Digital Transformation: Why Technology Is Only One Piece Of The Puzzle

Digital marketing. Businessman touching darts aiming at the target center with icon network connection. Business goal and technology concept

In this opinion piece, Avanade Australia Innovation Lead Eamon Barker lays out his tips for how businesses can navigate the new frontier of business.

The Australian Government has recognised the need to accelerate the growth and development of our local talent and workforce with the recently announced Global Talent Immigration program that aims to promote skills transfer and high-value job creation for Australians.

Businesses are also preparing for the future by investing in the one transformation within their grasp – technology. New research by Avanade shows that C-suite executives are overwhelmingly eager to adopt innovative technologies, but are more hesitant about how to implement and integrate them, and especially question whether they have the internal capability to fully reap the benefits.

Simply put, businesses want to try the latest technologies but many struggle to fully grasp what they are getting into.

From a global survey of 1,200 executives, 90 per cent plan to integrate new technologies such as blockchain, quantum computing, conversational AI, Internet of Things (IoT) and security and privacy technology into their operations in the coming years. They hope these tools will help them engage with their workforce, collaborate with partners, and create products and services for their customers to stay competitive and ultimately, create more revenue.

So much technology, so many more connections

Emerging technologies today are seamlessly interoperable, with format and data sharing possible across networks. Whereas previously, cloud, social and mobile were mainly adopted individually, new technologies serve a shared purpose and must be implemented in tandem.

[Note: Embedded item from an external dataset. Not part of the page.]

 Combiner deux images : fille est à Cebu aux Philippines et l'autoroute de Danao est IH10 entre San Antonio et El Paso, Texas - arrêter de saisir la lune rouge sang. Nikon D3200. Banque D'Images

For example, blockchain records transactions taken from Internet of Things (IoT). More than half (54 per cent) of organisations expect to adopt a suite of technologies, such as blockchain along with IoT and artificial intelligence (AI), rather than any particular technology by itself. Yet only 12 per cent of Australian businesses are completely integrated, with many questioning whether they have the right use case and how to proceed.

People first

For all the enthusiasm for new technology, eight out of 10 respondents aren’t completely confident they understand or have the capabilities to maximise the benefits of emerging technologies. For example, more than half (52 per cent) don’t believe that new security technologies are keeping abreast of new threats.

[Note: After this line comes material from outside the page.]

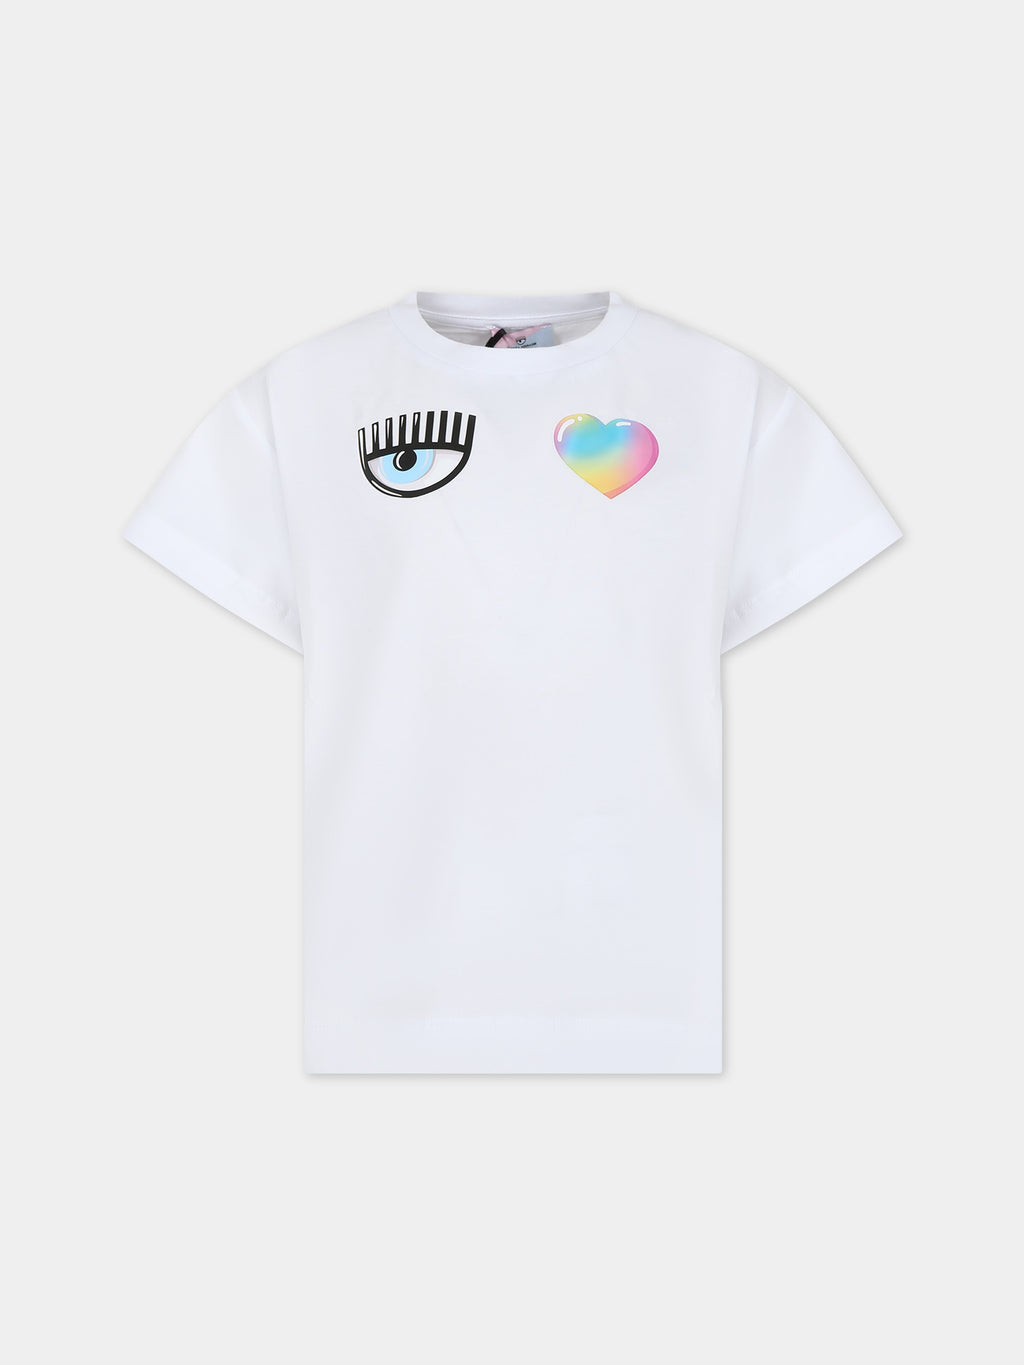 T-shirt blanc pour fille avec yeux et coeur flirteurs

To match the right skills with today’s changing business landscape, we need to take a holistic, people-centric approach. The most sophisticated, advanced technology will not save a business if it is not solving a particular problem, led by a team of people who knows what they are doing.

Lock it down

When it comes to securing the technology a company does have, there are routine best practices that are not being followed. The research found that only half of the organisations had rules like multi-factor authentication in place to protect passwords, and only a third (33 per cent) use single sign-ons to streamline and secure user access.

This highlights that we don’t necessarily need more security products, but that businesses need to make better use of the ones they have. According to the latest Australian Notifiable Data Breach statistics, 40 per cent of data breaches happen because of compromised credentials.

While businesses should always be looking to technology for ways to improve and expand, simply having the right technology isn’t the solution — businesses also need to look at the bigger picture and integrate the technology using a holistic, connected approach that considers the experience for both employees and customers.

The new frontier means businesses need to identify the capabilities they will need to solve complex problems in the future and either start training their staff, work with partners who hold those capabilities or hire people who have developed that skillset and support a knowledge and skills transfer.